Before we proceed into the specifics of these frameworks, an important distinction must be made: Next.js and Astro are fundamentally different softwares.
At their most basic levels, Next.js is a full-stack framework specifically built for React, whereas Astro is a static site generator that offers support for React. Furthermore, Next.js offers both client- and server-side functionality; Astro focuses solely on the client side.
Because of this, it is nearly impossible to objectively compare these two platforms’ features since they each have different core functionalities and priorities. It is crucial to consider which are the most relevant to the technical needs of your product.
Astro’s main differentiator is its templating language. The Astro templating language was made to ensure as little of a learning curve from HTML or JSX as possible. With the templating language, you can build reusable components, layouts, etc.
You may be wondering how that is any different than a React component. While React components rely on JavaScript and the virtual DOM to load your components into the browser, Astro components require no client-side runtime. They are compiled into HTML during the build phase and are automatically loaded onto your site, enabling extra-fast performance.
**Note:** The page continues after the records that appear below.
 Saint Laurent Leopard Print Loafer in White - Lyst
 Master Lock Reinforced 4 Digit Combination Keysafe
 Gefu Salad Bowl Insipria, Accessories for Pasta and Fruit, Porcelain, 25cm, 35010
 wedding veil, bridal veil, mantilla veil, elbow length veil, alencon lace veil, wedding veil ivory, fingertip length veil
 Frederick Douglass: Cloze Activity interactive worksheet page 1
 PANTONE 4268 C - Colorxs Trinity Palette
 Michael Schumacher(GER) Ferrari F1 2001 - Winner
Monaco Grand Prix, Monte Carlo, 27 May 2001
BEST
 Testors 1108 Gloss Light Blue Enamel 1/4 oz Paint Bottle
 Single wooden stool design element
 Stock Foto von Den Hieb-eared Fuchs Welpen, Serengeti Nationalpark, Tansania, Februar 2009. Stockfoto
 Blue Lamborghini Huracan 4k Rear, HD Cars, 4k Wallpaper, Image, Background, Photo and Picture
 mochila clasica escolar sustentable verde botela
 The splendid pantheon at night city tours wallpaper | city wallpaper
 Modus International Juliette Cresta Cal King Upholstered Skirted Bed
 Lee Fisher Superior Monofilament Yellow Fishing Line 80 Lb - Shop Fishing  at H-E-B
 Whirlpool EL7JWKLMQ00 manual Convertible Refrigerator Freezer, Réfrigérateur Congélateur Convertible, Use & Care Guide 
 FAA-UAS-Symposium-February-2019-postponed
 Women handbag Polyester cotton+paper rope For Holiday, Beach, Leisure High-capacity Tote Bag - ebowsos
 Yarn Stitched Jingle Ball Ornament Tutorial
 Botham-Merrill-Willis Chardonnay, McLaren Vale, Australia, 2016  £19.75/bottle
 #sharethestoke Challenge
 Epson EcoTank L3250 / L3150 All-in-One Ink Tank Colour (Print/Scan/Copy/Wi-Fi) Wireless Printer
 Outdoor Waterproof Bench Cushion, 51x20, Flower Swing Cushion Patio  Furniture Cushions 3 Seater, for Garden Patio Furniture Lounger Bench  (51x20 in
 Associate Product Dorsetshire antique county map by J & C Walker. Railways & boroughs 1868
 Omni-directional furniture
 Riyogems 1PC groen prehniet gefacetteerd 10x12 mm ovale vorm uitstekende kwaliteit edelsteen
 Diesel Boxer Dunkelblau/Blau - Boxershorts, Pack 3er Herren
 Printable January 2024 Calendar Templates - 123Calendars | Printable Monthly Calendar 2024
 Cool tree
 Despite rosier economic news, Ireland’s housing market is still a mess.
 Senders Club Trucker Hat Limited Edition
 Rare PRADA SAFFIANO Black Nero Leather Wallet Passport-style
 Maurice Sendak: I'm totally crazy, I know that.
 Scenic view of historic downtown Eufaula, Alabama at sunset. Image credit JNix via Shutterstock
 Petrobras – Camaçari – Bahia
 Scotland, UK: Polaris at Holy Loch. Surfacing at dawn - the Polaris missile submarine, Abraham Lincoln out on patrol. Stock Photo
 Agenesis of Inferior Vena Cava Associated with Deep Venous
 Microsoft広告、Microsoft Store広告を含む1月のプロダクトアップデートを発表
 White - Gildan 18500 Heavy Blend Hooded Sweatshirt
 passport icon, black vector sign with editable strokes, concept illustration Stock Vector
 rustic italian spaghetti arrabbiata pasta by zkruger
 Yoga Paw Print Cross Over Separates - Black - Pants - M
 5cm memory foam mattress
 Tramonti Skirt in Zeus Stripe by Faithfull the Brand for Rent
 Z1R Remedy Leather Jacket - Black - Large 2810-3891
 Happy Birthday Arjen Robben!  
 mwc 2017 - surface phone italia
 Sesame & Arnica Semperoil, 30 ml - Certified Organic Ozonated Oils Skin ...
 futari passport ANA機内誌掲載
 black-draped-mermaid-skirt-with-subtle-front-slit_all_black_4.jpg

Pretty neat, right?
The downside to this, however, is that these are completely static components, meaning you can’t use any dynamic logic. Though you can use dynamic JSX expressions, these will simply be compiled into static values during the build phase. This is different from a reactive library like React, where you can use dynamic logic that will change the components on the client side.
Another defining feature of Astro is how it is truly library- and framework-agnostic, which means you can use whichever you choose — React, Vue, Svelte, whatever your preference. You can also mix multiple libraries in one project, enabling the usage of micro-frontends.
Astro’s focus on the client side allows it to prioritize client-side optimization and performance. This is best demonstrated in its unique partial hydration feature.
What is partial hydration? Consider that most of any app or website is non-interactive or doesn’t absolutely require client-side JavaScript for interactivity. Astro will compile these components into plain HTML that is served directly to the user.
For the parts that do require client-side JavaScript, these components are saved for individual hydration once the plain HTML has already rendered. Since you are only loading JavaScript for the components that absolutely require it, this drastically reduces your site’s bundle size, which makes it more performant.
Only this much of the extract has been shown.